In the Federal Budget in May, the Government announced a package of changes to Australia’s higher education system. These changes will spread opportunity for students and ensure Australia will not be left behind by cut-throat international competition and disruptive technologies in higher education.

Through the Government’s reforms, Australia can more than hold our own and create some of the best universities in the world and the best higher education system in the world. The reforms will create a system that increases our nation’s international standing. The reforms will create a system that will provide Australians with the skills and knowledge for the jobs of the future.

We live in a time of inevitable and constant change. The international economy is evolving. The employment market is changing. The citizens and workers of tomorrow will need different skills to those they need today.

Bruno Lanvin, Executive Director of one of the world’s leading and largest graduate business schools, and a former senior executive at the World Bank and the United Nations has said:

in an environment of ongoing disruptive technologies and economic structural change, we are preparing graduates for jobs that have not even been defined today…

Global competition for higher education is intensifying, there are world-class universities emerging on our door step in Asia.
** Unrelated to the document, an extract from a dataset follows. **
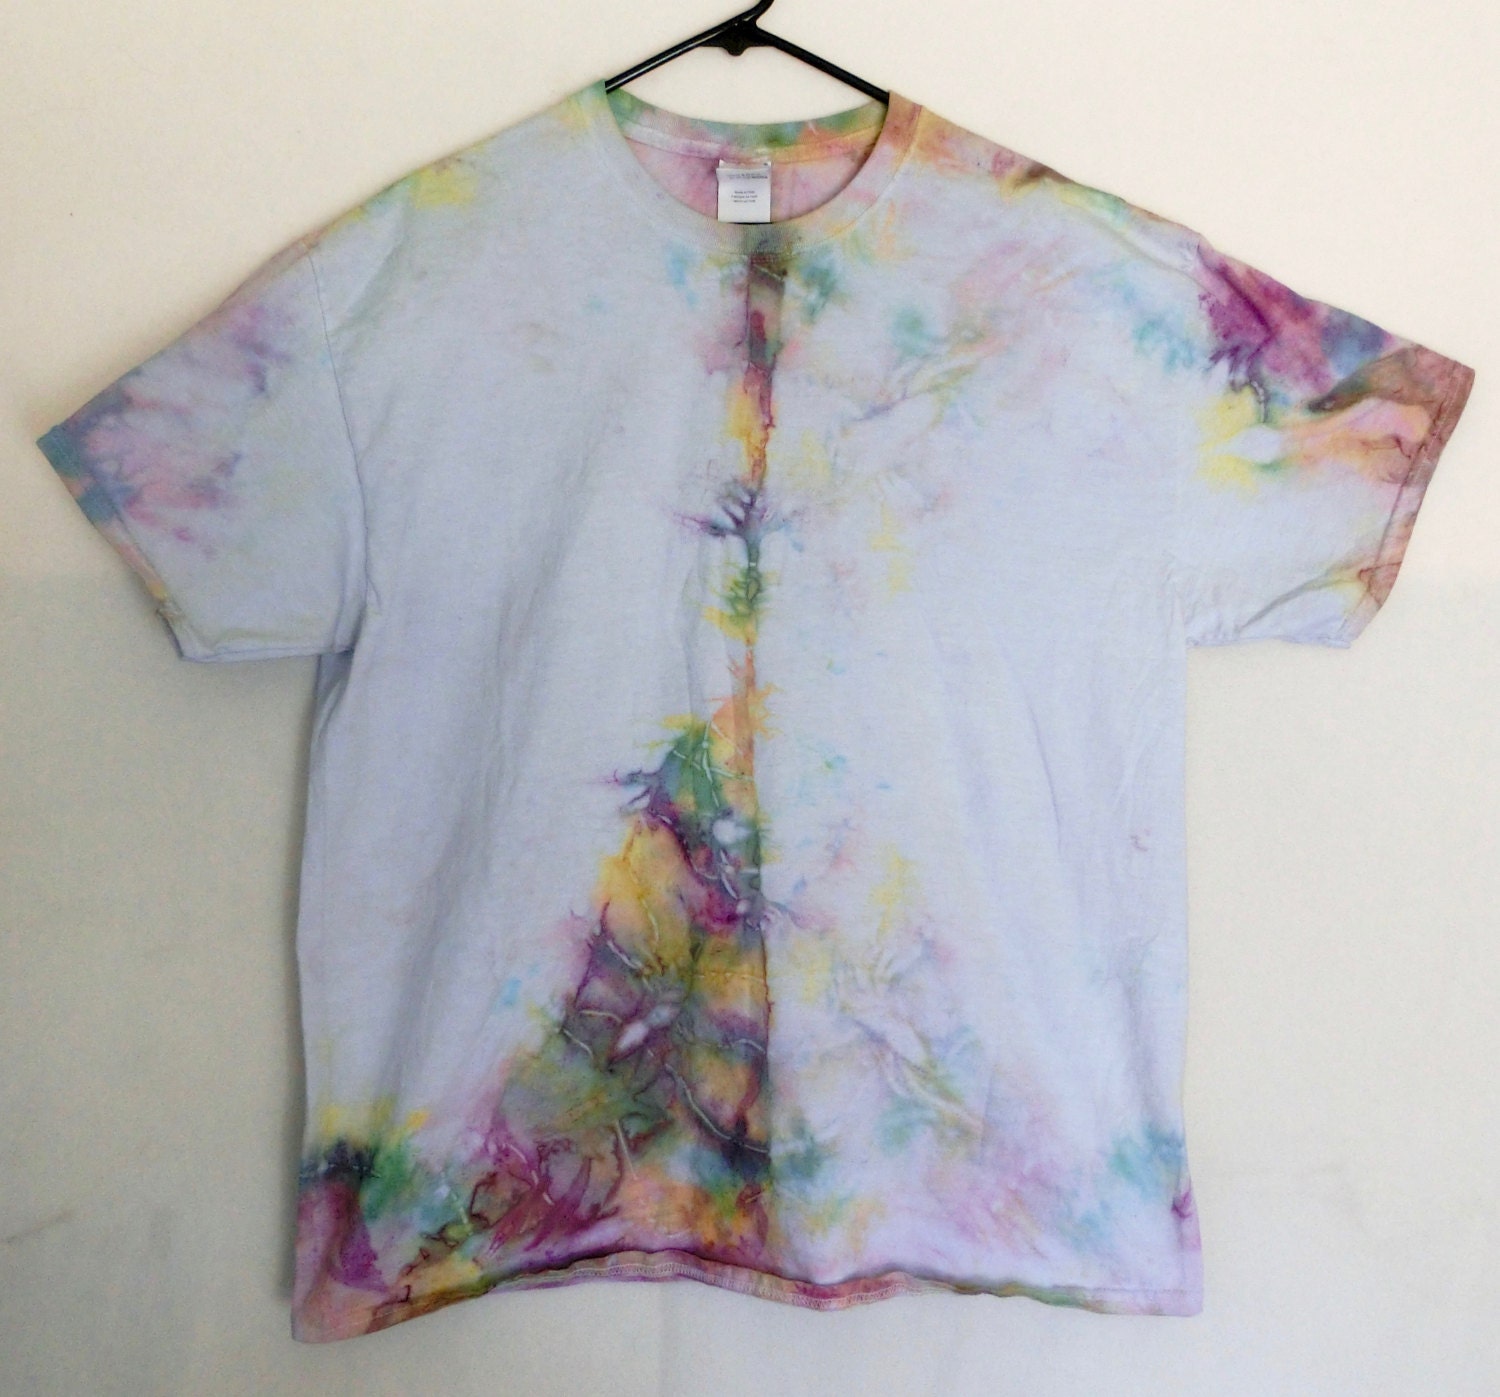 A4 XL Pastel prismatic tie-dye t-shirt Xlarge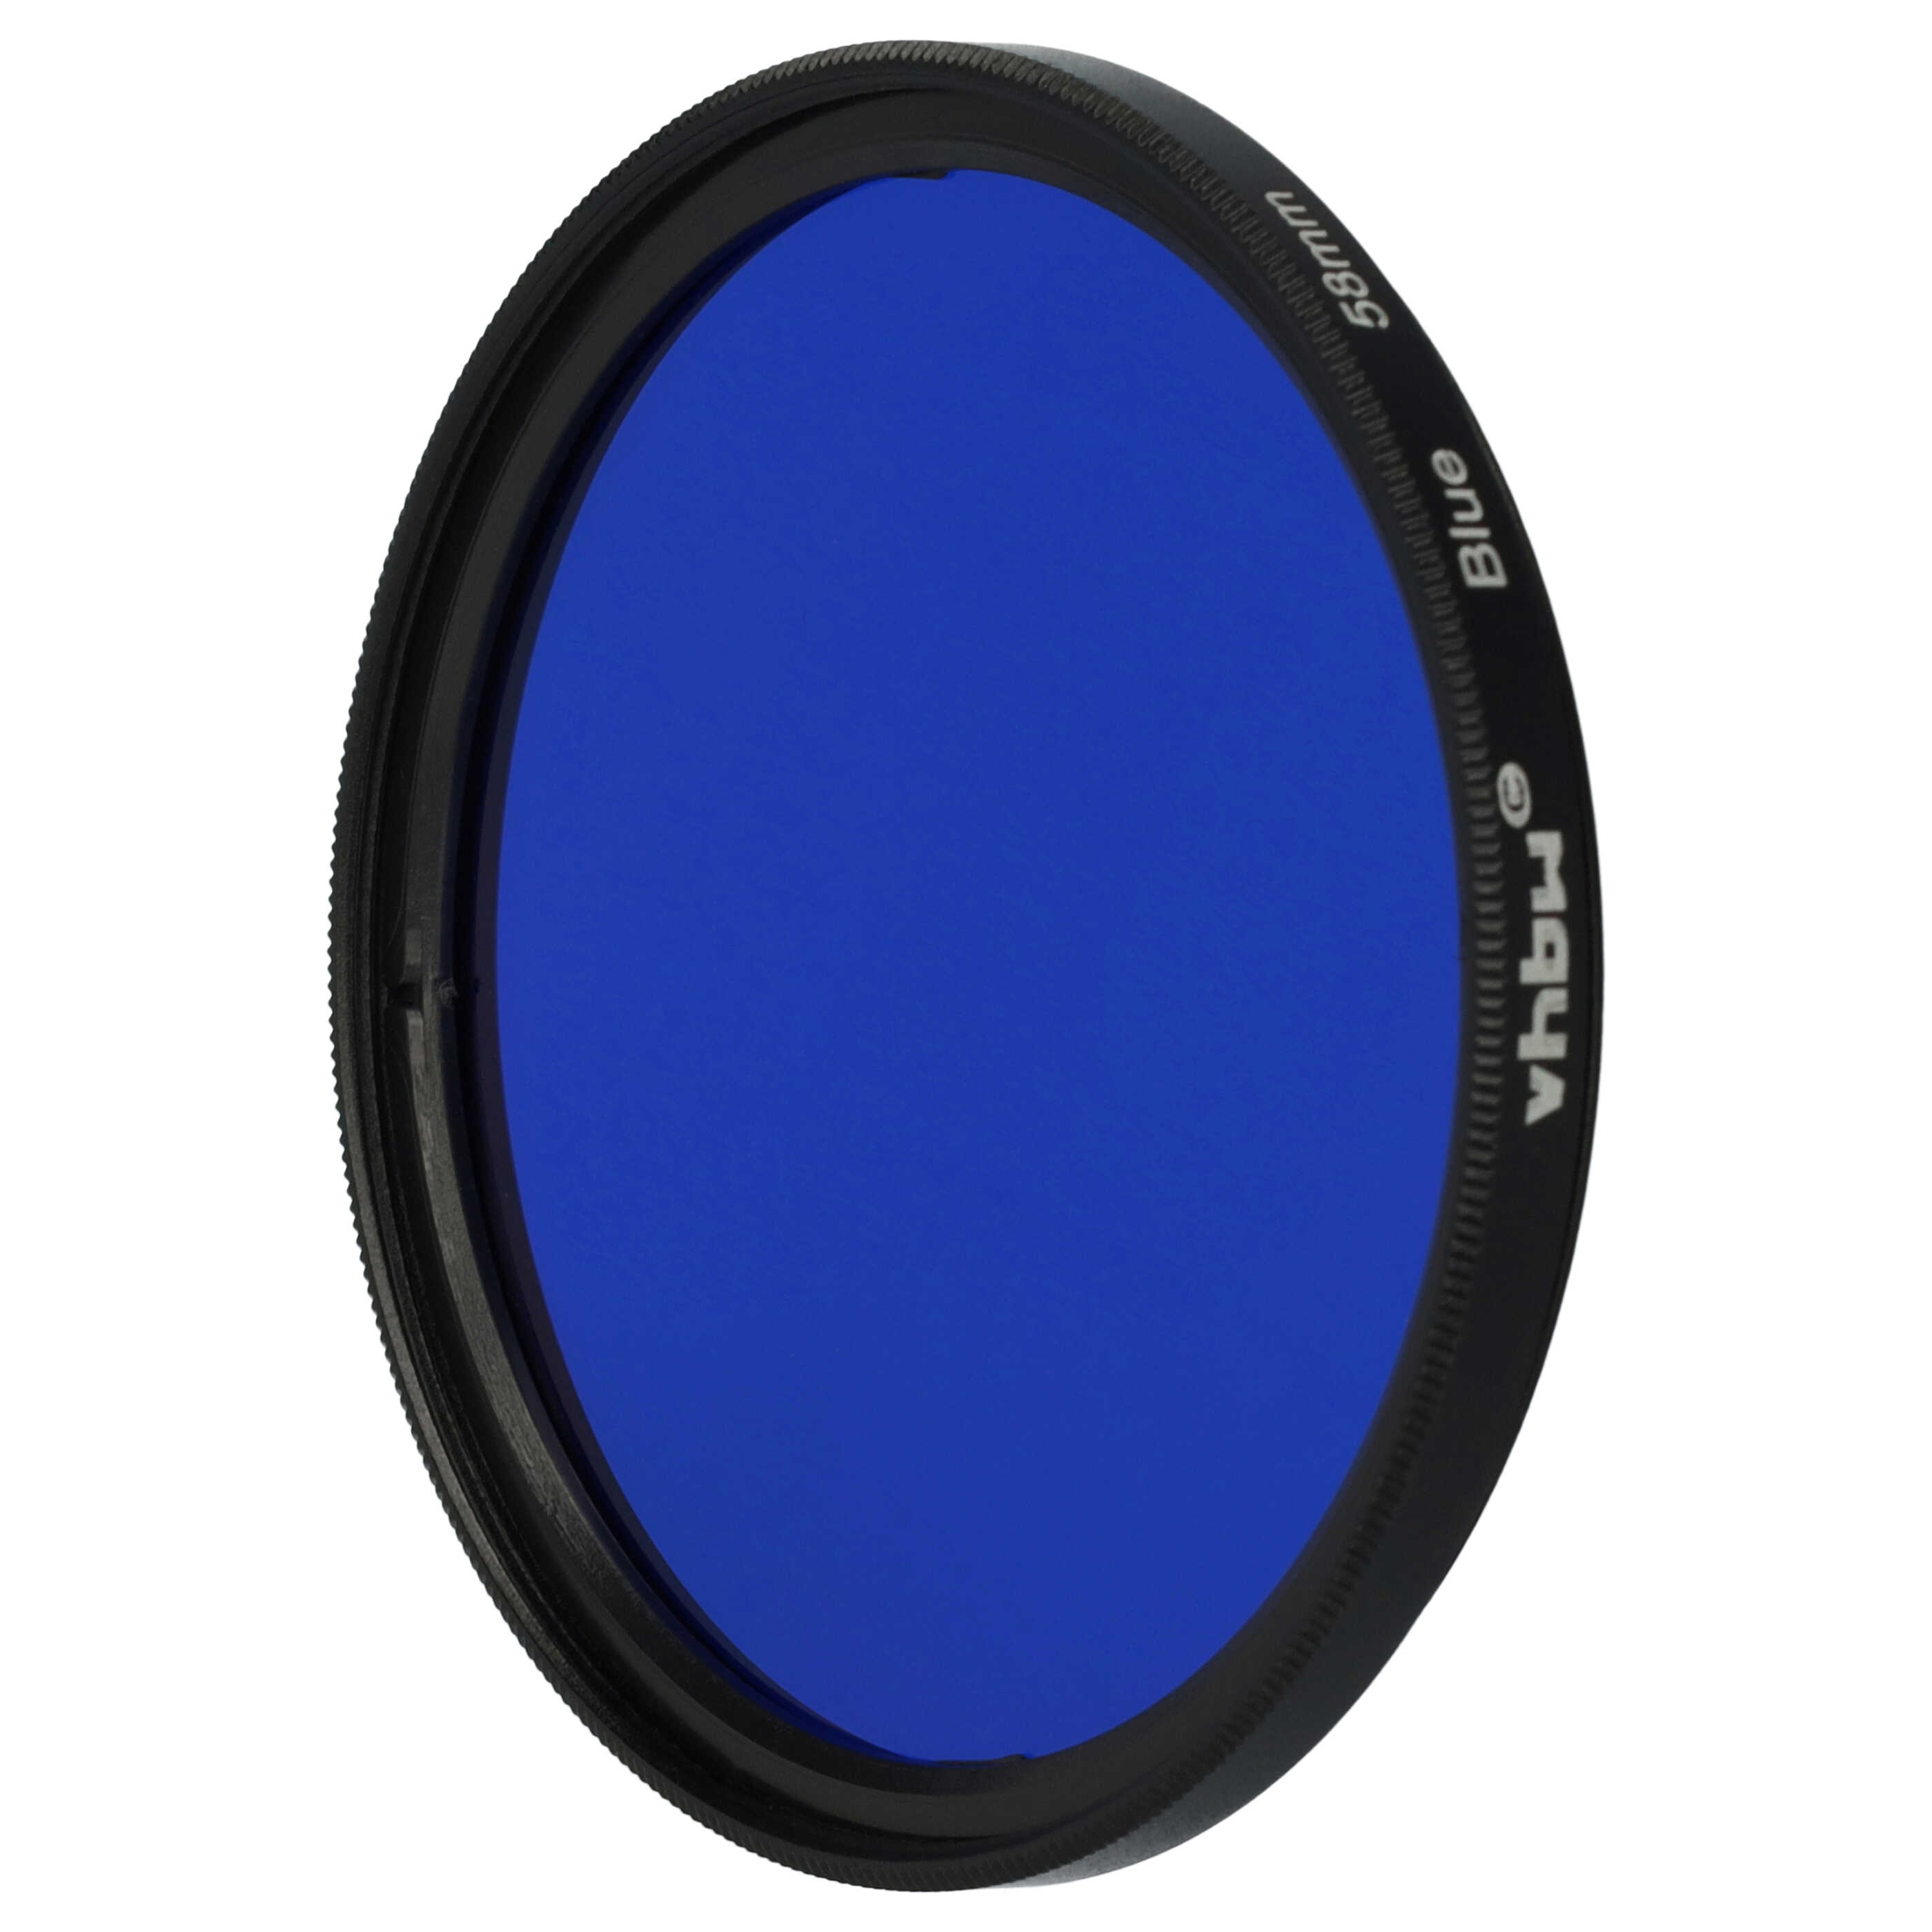 Farbfilter blau passend für Kamera Objektive mit 58 mm Filtergewinde - Blaufilter

And new technology is driving the expansion of online education.

We must equip Australia’s higher education institutions to meet the demands of the 21st century and we have an historic opportunity to do this now.

The choice is stark:

either we spread access to higher education to more Australians and keep our country competitive with others in our region, or

we support a higher education system that is unsustainable, that will decline into mediocrity, and eventually be left behind.

Knowing the challenges we confront, it would be irresponsible, indeed cowardly, as the Minister for Education, not to act. While it might be politically expedient to leave it for someone else, I didn’t spend 21 years in politics scaling the mountain, only to admire the view.

So, I embrace this challenge, and I call on the Senate cross-benchers to join with me in meeting it head on. I know we can work together to create some of the best universities in the world and the best higher education system in the world.

If we adopt the Government’s higher education package, Australian higher education institutions will have the freedom to respond to our changing environment.

Our universities and colleges will be more creative and they will improve the teaching and learning they offer in order to attract students.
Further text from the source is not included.